Prompt
Search the listing below, and show each line that includes the word "Classic".
BEGIN Extracted information
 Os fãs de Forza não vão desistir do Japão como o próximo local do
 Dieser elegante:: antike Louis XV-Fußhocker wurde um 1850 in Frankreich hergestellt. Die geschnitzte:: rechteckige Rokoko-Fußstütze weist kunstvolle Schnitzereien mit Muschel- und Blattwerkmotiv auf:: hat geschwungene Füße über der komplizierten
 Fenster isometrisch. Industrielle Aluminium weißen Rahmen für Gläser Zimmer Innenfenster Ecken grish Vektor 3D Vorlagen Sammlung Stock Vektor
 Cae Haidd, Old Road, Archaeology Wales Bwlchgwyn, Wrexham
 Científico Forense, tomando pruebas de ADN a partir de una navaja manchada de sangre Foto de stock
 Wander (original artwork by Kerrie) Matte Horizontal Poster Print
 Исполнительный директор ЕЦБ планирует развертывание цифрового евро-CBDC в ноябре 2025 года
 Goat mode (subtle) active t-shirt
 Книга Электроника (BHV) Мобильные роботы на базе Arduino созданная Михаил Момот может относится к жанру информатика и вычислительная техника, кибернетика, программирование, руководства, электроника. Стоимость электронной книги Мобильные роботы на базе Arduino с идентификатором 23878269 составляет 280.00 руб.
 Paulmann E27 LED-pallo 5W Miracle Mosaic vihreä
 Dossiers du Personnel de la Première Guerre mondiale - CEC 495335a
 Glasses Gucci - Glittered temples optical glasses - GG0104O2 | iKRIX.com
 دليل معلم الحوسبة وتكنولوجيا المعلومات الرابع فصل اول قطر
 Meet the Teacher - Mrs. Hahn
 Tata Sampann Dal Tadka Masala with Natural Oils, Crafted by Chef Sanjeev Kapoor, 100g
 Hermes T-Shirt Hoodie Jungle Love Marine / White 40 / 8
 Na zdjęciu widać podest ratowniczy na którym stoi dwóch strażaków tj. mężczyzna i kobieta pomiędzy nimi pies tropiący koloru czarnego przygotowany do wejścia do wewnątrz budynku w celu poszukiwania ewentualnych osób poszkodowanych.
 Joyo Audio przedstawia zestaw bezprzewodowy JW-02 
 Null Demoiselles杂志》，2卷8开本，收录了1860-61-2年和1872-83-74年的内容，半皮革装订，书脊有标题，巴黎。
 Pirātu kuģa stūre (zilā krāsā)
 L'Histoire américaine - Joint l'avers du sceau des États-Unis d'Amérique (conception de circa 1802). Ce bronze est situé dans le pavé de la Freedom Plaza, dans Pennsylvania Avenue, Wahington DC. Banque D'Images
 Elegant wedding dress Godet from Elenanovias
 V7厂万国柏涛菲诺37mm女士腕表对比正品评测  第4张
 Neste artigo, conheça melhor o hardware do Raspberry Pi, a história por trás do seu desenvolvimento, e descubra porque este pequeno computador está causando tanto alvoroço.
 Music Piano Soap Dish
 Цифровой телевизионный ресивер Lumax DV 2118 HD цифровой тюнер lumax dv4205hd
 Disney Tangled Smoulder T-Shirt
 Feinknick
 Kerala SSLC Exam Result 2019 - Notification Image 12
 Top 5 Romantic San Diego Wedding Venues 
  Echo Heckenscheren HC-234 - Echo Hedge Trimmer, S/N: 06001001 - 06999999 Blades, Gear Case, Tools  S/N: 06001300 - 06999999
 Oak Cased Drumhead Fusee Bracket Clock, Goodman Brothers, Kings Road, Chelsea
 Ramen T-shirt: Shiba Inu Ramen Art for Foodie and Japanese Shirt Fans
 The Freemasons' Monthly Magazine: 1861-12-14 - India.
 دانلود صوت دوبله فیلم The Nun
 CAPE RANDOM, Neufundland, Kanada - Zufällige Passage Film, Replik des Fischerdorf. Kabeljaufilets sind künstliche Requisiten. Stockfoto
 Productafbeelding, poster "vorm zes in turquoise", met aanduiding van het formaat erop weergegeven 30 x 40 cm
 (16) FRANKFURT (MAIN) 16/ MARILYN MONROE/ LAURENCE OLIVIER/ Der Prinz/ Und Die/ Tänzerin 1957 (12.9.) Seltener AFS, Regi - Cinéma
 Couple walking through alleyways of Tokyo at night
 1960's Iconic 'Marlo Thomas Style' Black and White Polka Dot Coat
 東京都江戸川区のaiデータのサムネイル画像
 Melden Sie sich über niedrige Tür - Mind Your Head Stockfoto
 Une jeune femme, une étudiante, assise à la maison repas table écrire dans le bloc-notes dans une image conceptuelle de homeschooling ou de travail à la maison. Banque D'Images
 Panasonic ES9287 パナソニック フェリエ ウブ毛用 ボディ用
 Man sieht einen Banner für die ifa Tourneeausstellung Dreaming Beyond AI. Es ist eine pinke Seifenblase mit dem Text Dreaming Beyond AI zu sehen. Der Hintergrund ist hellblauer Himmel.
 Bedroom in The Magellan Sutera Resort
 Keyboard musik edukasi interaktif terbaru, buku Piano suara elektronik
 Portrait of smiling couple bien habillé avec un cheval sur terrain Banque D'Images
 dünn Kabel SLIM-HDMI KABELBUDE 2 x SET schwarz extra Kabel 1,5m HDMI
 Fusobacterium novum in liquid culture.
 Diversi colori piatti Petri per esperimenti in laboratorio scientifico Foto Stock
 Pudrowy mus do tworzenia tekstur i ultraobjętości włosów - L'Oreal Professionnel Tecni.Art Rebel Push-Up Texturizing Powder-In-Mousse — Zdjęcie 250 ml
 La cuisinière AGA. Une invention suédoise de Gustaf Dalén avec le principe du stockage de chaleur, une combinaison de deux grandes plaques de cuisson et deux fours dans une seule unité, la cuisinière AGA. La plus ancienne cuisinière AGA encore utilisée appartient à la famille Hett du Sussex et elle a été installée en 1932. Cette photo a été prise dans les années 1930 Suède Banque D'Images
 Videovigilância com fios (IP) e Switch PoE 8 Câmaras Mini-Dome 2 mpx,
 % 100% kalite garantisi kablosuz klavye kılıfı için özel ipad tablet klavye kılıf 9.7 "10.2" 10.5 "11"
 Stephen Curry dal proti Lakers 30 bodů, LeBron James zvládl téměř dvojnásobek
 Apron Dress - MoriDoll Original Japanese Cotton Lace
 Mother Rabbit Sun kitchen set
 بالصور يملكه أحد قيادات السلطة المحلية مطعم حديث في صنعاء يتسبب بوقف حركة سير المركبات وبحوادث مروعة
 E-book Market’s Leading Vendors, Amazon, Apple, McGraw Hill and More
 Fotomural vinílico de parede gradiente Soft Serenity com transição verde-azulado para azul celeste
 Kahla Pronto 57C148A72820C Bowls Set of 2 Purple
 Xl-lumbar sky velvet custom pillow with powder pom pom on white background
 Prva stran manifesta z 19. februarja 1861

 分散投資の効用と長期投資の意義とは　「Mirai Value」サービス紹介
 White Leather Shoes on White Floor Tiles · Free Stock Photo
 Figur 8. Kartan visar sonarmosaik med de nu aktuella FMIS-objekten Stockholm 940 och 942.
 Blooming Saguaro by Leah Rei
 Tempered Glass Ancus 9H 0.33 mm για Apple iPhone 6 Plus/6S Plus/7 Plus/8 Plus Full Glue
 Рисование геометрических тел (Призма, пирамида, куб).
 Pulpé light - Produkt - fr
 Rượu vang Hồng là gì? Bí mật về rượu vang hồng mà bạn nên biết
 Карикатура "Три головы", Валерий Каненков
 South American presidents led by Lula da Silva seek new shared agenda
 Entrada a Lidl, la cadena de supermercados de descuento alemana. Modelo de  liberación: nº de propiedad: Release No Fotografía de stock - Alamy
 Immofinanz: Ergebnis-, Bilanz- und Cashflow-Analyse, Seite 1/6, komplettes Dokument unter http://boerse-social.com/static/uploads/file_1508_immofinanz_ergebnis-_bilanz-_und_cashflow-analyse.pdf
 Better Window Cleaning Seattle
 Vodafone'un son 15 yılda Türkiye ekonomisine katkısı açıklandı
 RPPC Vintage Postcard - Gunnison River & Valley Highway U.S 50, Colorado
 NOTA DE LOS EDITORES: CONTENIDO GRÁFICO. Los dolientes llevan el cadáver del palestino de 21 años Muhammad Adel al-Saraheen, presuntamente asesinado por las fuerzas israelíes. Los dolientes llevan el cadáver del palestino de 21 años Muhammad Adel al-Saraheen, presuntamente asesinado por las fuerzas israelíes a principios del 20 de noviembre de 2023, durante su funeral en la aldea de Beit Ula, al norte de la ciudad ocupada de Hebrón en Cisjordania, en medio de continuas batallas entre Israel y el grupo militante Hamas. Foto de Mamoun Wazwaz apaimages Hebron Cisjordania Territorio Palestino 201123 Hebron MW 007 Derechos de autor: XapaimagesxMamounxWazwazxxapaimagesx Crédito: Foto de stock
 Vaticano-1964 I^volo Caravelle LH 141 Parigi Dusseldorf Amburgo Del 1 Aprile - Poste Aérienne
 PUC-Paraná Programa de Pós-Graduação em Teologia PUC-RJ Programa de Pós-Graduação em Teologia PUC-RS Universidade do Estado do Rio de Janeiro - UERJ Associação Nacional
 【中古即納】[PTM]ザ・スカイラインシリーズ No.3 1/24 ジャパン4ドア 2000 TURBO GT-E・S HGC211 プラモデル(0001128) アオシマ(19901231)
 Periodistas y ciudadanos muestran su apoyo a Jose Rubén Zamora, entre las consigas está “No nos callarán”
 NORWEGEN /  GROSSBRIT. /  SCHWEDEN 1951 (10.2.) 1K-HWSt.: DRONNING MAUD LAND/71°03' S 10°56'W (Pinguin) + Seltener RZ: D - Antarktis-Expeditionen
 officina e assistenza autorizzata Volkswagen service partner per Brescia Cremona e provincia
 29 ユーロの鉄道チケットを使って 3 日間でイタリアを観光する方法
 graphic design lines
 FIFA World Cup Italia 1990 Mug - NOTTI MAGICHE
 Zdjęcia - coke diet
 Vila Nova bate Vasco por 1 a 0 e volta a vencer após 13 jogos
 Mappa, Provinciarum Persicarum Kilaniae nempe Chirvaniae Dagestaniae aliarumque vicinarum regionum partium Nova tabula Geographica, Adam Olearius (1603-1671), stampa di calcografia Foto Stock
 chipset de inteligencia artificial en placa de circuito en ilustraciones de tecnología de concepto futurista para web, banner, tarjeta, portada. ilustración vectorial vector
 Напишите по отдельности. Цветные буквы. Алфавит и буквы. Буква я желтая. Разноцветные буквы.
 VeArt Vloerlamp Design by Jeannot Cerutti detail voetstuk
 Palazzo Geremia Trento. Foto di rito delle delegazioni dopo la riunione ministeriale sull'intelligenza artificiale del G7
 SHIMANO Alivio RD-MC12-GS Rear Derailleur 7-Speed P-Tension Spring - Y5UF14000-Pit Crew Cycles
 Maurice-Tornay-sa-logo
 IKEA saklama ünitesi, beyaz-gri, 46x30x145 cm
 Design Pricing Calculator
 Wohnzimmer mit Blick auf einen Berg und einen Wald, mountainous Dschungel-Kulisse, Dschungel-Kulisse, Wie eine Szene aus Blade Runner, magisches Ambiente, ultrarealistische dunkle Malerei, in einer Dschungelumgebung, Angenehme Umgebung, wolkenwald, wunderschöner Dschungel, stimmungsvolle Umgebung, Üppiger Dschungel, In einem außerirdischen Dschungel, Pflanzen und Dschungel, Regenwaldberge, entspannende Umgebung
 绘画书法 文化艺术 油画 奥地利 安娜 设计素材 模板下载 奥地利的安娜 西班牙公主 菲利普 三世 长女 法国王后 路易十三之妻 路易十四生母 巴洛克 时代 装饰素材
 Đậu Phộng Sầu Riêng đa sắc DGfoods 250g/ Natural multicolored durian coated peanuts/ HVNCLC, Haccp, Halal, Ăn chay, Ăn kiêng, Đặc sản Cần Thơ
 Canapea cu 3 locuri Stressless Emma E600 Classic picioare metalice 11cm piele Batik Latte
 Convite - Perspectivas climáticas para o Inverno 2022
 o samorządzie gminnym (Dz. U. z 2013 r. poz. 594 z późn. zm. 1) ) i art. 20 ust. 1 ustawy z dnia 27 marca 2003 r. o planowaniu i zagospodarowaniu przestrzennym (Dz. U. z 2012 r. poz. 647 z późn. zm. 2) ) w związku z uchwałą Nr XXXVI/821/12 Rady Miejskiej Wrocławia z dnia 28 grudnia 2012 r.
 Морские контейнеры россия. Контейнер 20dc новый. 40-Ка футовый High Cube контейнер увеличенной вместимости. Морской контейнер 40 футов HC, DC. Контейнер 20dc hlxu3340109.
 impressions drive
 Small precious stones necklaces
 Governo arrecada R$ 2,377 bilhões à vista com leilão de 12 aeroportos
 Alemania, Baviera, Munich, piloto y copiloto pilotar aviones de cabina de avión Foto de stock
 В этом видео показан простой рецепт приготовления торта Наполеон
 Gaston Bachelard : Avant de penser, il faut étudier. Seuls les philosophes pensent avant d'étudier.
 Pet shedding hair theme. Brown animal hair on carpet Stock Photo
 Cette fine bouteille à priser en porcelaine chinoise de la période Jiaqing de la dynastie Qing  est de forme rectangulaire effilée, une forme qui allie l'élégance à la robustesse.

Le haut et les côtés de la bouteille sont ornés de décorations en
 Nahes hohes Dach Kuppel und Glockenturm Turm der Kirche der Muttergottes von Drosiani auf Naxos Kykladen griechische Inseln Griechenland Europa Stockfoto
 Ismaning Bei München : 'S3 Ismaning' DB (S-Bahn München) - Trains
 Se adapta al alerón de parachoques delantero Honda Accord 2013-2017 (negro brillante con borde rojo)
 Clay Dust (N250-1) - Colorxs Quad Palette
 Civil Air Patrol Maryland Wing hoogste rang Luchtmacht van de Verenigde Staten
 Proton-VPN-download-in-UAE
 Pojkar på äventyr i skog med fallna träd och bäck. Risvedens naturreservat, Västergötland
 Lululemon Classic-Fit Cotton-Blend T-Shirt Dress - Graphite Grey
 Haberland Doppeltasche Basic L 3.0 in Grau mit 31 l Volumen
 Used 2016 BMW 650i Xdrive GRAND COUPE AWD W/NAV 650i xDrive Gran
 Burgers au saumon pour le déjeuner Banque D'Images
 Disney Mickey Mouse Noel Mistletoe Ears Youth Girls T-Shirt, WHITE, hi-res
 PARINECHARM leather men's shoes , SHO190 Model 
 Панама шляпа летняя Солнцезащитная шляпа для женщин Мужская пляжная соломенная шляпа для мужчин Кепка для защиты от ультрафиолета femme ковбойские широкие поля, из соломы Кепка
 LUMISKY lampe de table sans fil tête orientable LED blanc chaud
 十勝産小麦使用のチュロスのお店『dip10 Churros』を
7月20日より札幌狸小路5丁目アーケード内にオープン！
END Extracted information
Answer to this problem
 Canapea cu 3 locuri Stressless Emma E600 Classic picioare metalice 11cm piele Batik Latte
 Lululemon Classic-Fit Cotton-Blend T-Shirt Dress - Graphite Grey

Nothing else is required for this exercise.